Originally posted Thu, 2009-06-18 10:29
NSBNEWS.net photos by Henry Frederick. This photo of the charred remains of a home on Palm Street was taken the day after an Aug. 6, 2008, arson fire that resulted Wednesday in a 25-year prison sentence for Desmond Matthew Blount, 21, of Edgewater.
NEW SMYRNA BEACH -- Retaliation by burning a man's home for a stolen bicycle has landed a 21-year-old Edgewater man in prison for 25 years.
Demond Matthew Blount was sentenced June 5, by Circuit Judge Frank Marriott at the Volusia County Courthouse in DeLand for his no contest plea to arson in the Aug. 6, 2008, fire that destroyed a home at 332 Palm St., in a small winding neighborhood tucked away a couple of blocks west of North Dixie Freeway, in the predominantly black West Side community.
Blount initially denied any involvement, but later admitted to torching the residence owned by 63-year-old Joseph Dominic Berkley.
Blount first threw a plastic bottle into the victim's home at 12:47 a.m., which the homeowner quickly extinguished, but frightened him enough to seek shelter elsewhere the rest of the night. Blount returned and did the same thing four hours later, but his time the flames took to the wood frame, first on the porch and then the attic as responding fire fighter units arrived.

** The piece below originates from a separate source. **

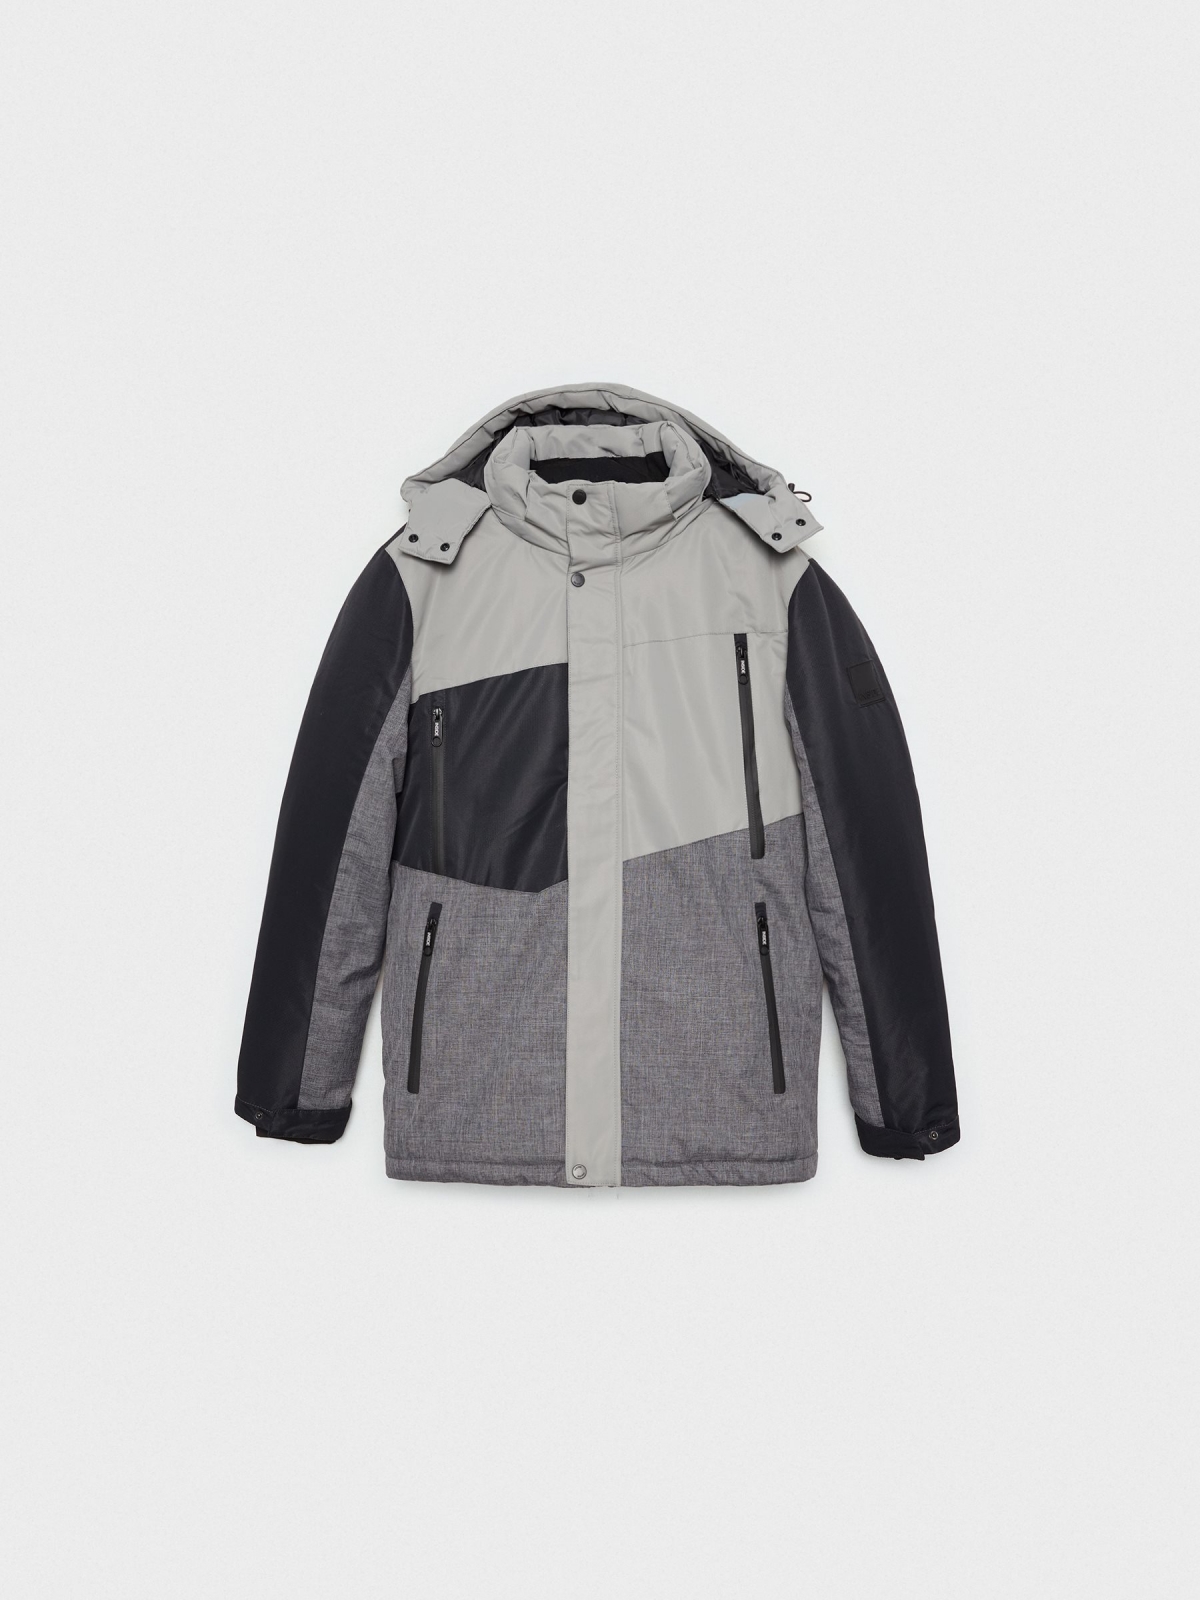  Nylon jacket with closed pockets grey

The New Smyrna Beach Fire Department subsequently extinguished the fire and a joint investigation into the cause of the fire was initiated. The agencies involved in the joint investigation included the New Smyrna Beach Police Department, the State Fire Marshal and the New Smyrna Beach Fire Department/Fire Marshal.
"Through their investigation and with the utilization of an accelerant-detecting canine, the state and local fire marshals determined that the fire was intentionally set," New Smyrna Beach police spokesman Sgt. Mike Brouillette said after the arrest. "Through interviews with eyewitnesses and other evidence recovered from both incidents, a suspect was identified and subsequently arrested."
Fire officials said Blount was apprehended a short distance from the fire and later admitted setting the blaze because he was upset about a stolen bicycle. The wood frame house was condemned with damage assessed in excess of $75,000.
Blount was initially charged with charged with first-degree arson and projecting a destructive device into a residence, a second-degree, felonies that could have landed him almost twice as much time in prison.